**DATA BELOW:**

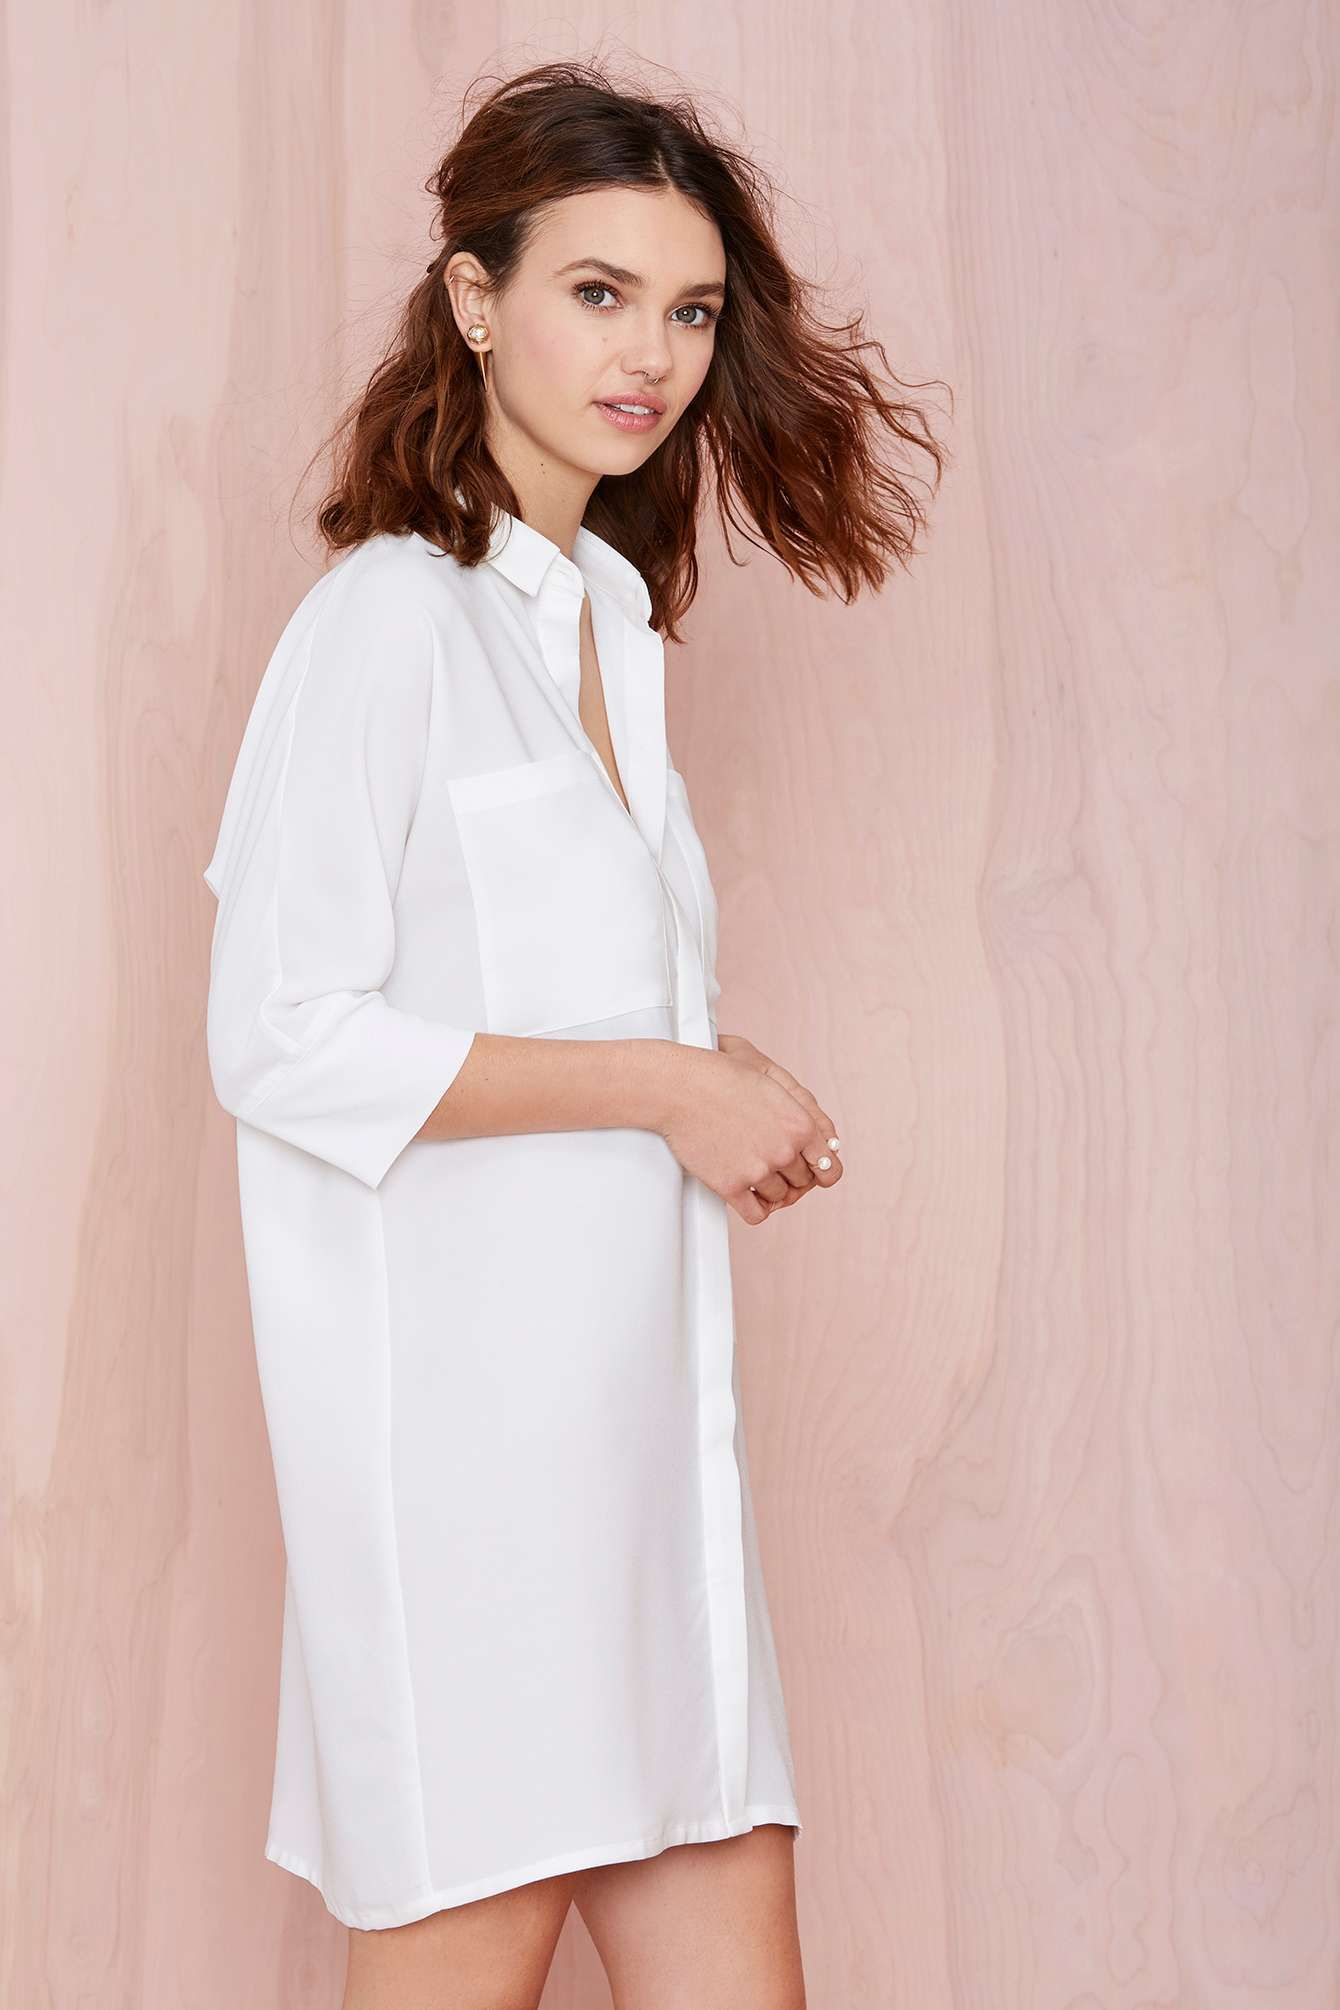 Simple.   Things to Wear   Pinterest   Moda mujer y Vestiditos
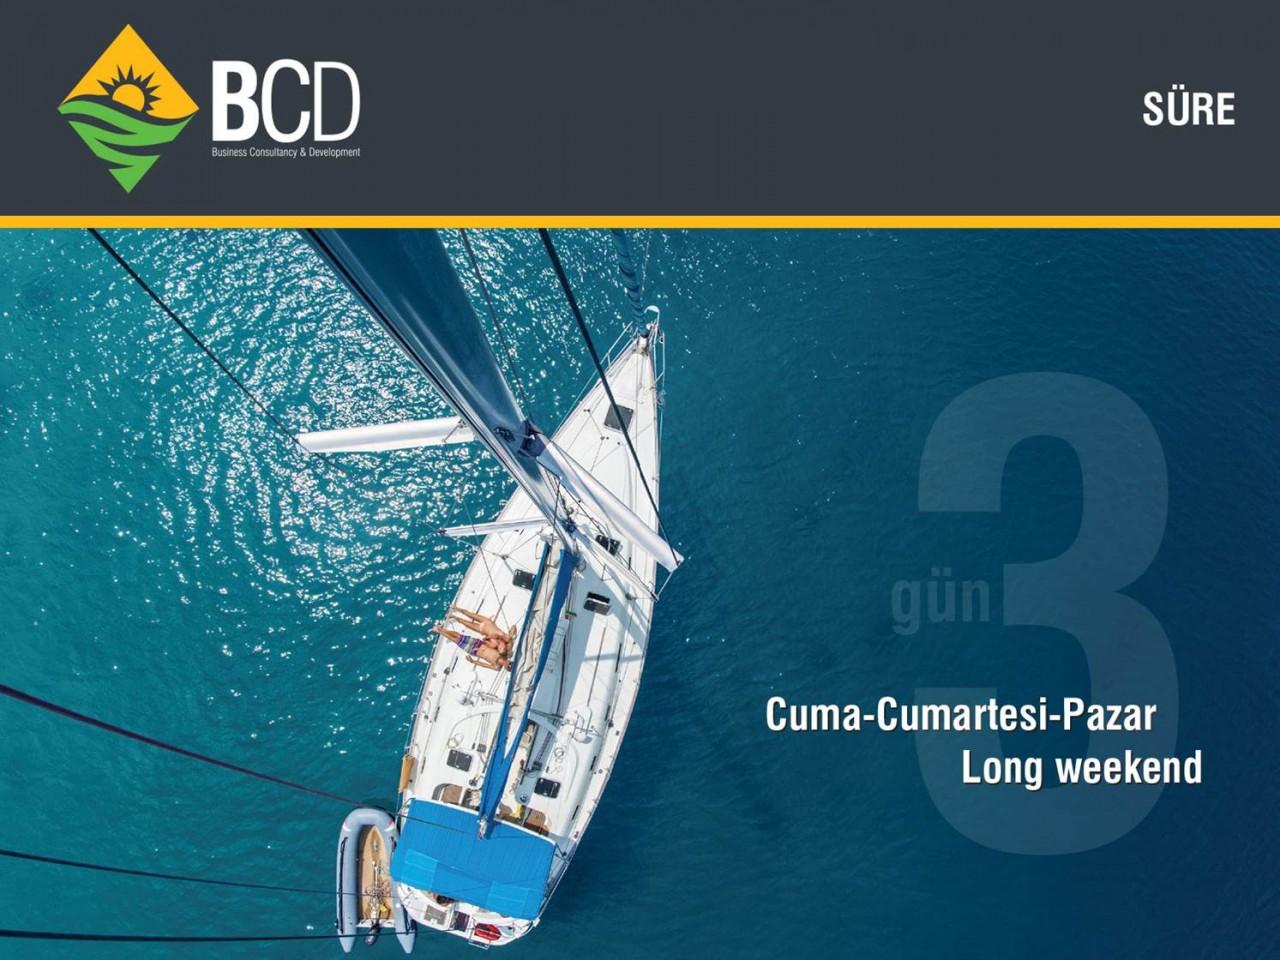 bcdturkey yelken liderlik takim ruhu 8 Leadership & Team Work & Sailing
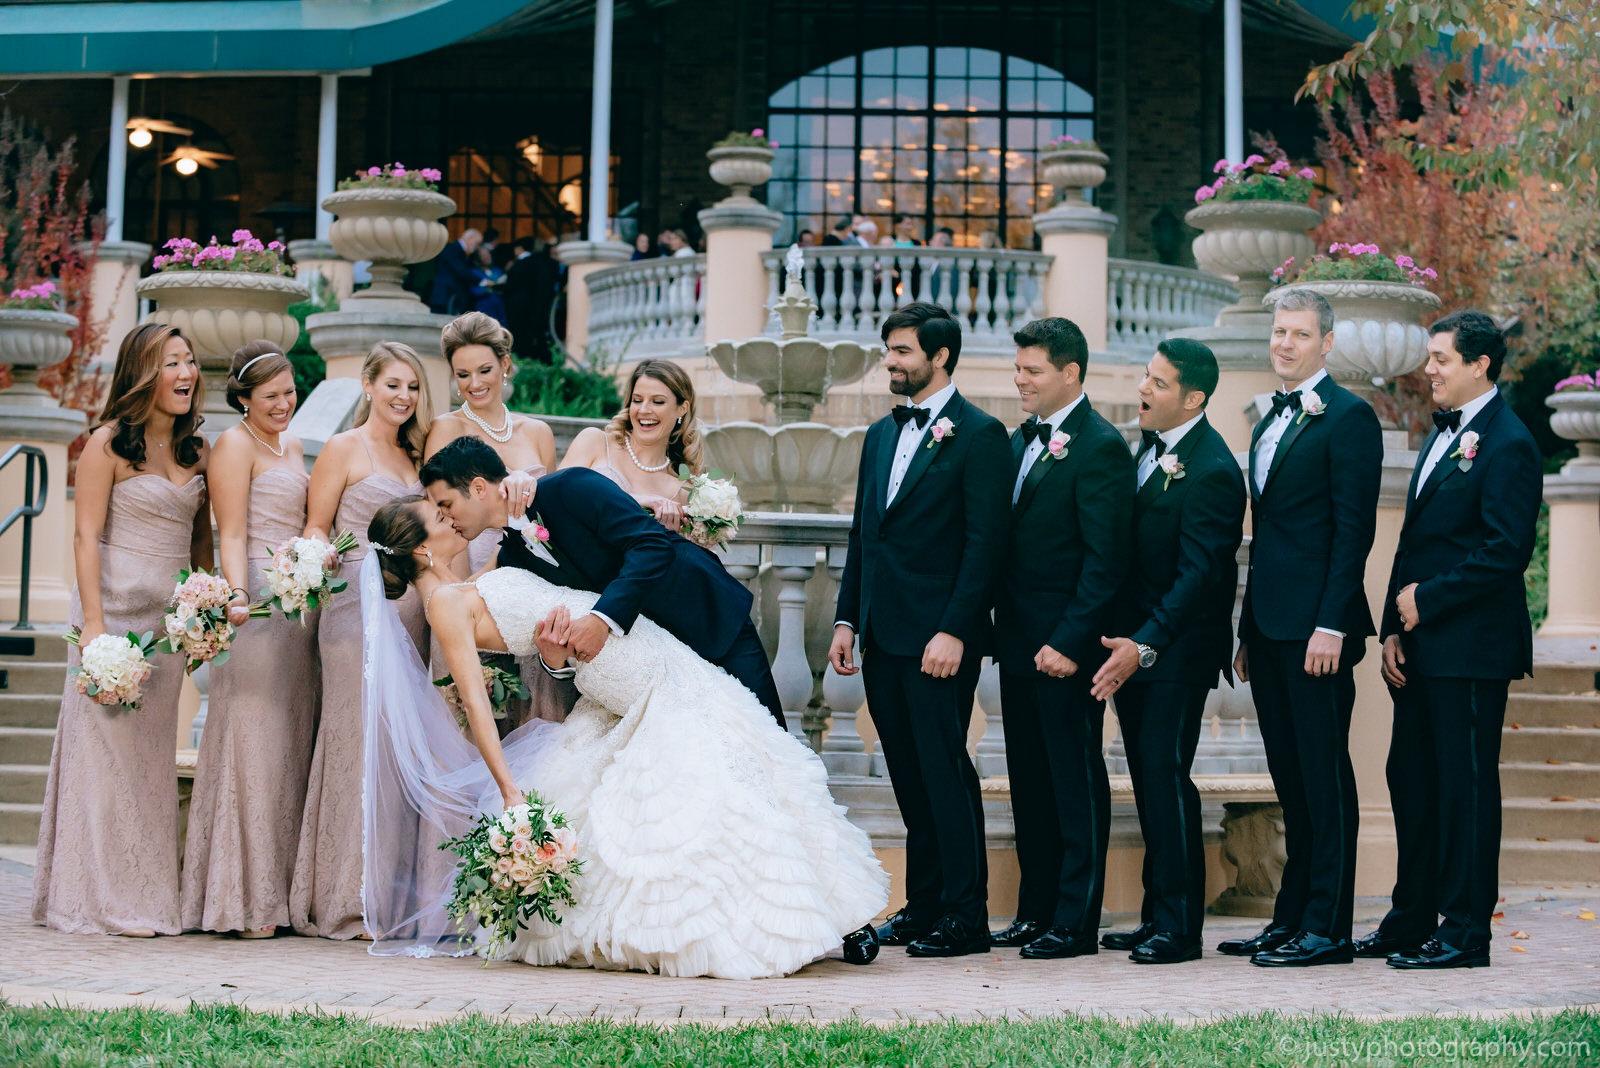 Omni Shoreham wedding photos-washington-dc-wedding-venues (136 of 171).jpg

**ACTION ITEM:** Reproduce each line above exactly, but not a single picture.

**TASK ANSWER:**
 Simple.   Things to Wear   Pinterest   Moda mujer y Vestiditos
 bcdturkey yelken liderlik takim ruhu 8 Leadership & Team Work & Sailing
 Omni Shoreham wedding photos-washington-dc-wedding-venues (136 of 171).jpg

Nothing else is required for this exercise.